Артем забрал руку из моей и сунул в карман джинсов:
– Сказал, что она уродина. Что он ей изменяет или что не даст денег.
– Сейчас ты совсем не с той стороны смотришь.
– А я больше не знаю слов, от которых женщина может умереть. Ты когда-нибудь умирала от чьих-то слов?
– Наверное, нет.
– Действительно, – он снисходительно усмехнулся. – Раз ты пишешь такие сказки, то ничего подобного у тебя не было.
– Дело не в этом. Я пишу их, потому что хочу верить, что многими людьми движут хорошие и светлые чувства. Ведь окружающее складывается из наших мыслей.
С наигранным изумлением он вскинул одну бровь:
– Типа, если ты будешь думать о том, что ходишь по облакам и рассыпаешь вокруг себя лепестки роз, то перестанешь замечать дерьмо?
– Не перестану, конечно, я же не глупая.
– Насчет этого не переживай, – тон его стал ироничным. – Мозги женщинам не идут, они делают их жалким подобием мужчин.
– А мужчинам не идут украшения, – я просто не могла удержаться. – Они делают их женственными.
– Я похож на бабу?
– Ну так… – Улыбка вылезла сама собой, и он с вызовом уставился на меня:
– Хочешь проверить?
Смутившись, я сделала шаг назад. Разговор явно зашел в тупик. И я запаниковала:
– На самом деле все просто. Те парень с девушкой были акробатами, и он держал в зубах ее трапецию, а когда сказал что-то, то выпустил.
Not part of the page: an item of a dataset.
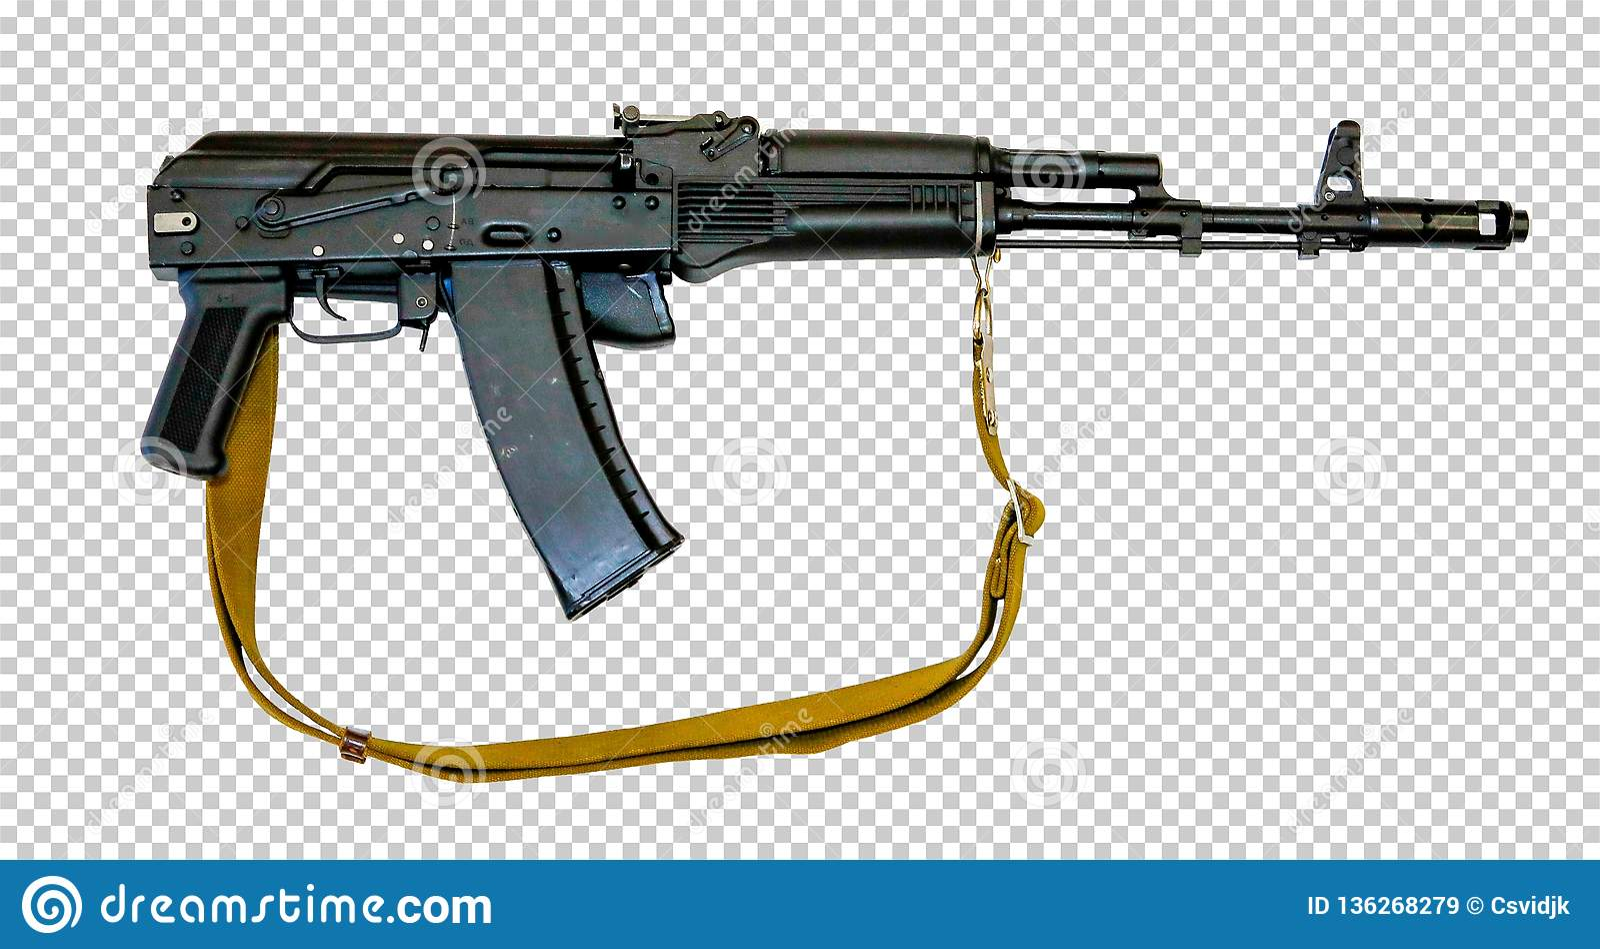 Kalashnikov AK-74M With A Belt, Transparent Background, Png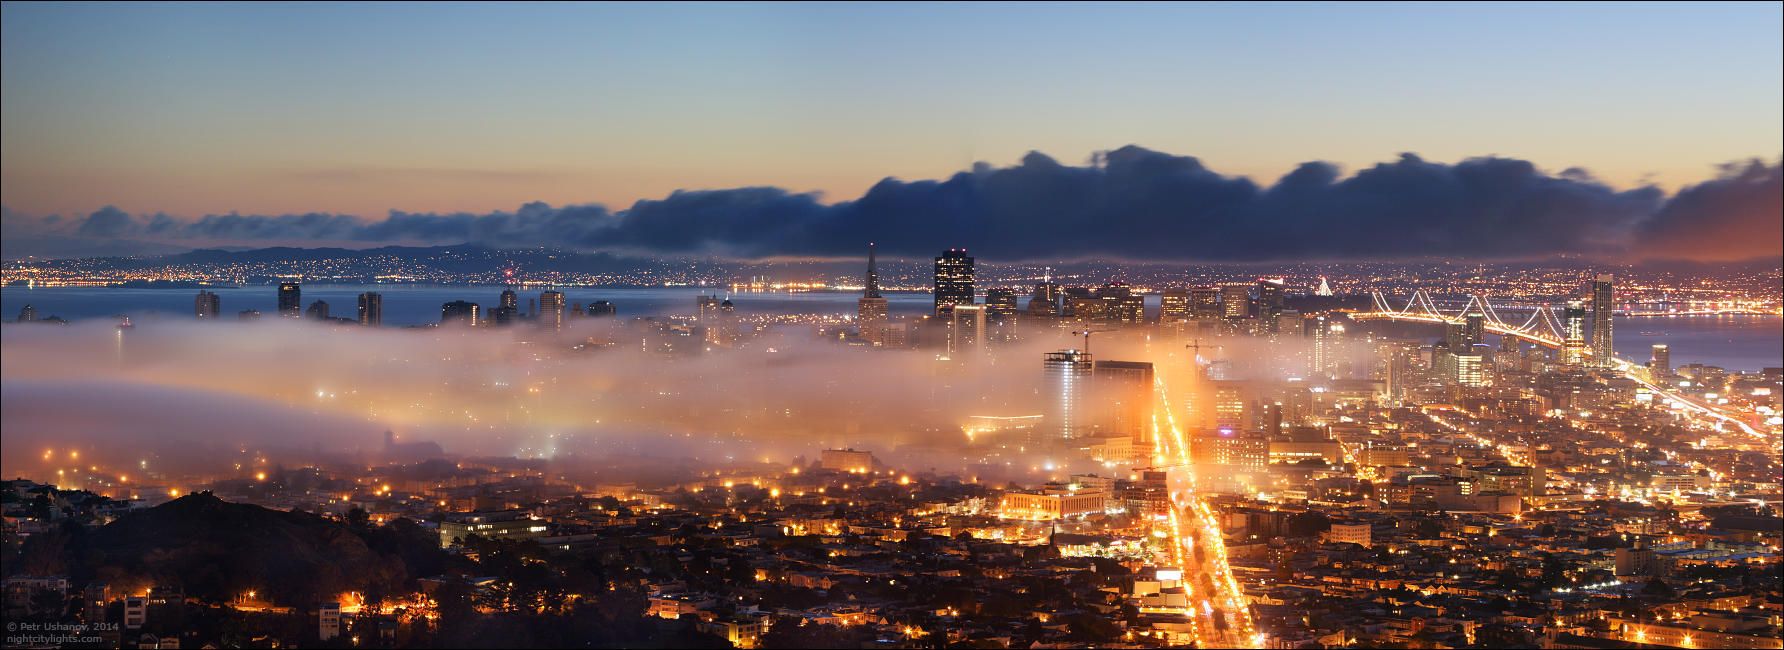 SFpanorama07 Сан Франциско   панорамы города

Девушка упала и разбилась.
Не успела я договорить, как из клуба выскочила Вика и, громко стуча каблуками, подбежала к нам:
– Чего так долго?
Артем обнял ее за шею:
– Поедешь к Вите в игрушки играть?
– Издеваешься? – Она недоверчиво посмотрела.
– Вот и я думаю, что она издевается.
А потом он вызвал такси и отправил меня домой. Было ясно, что это полный крах, и больше они меня никуда не позовут.
Глава 8
Говорят, весна как-то особенно действует на людей. Что с увеличением светового дня у человека происходит сбой биологического ритма, приводя к мощному выбросу гормонов, резкому увеличению притока кислорода в кровь, перепадам давления и учащенному сердцебиению. Кровь как бы закипает в наших сосудах, и это способствует неуравновешенности психического состояния.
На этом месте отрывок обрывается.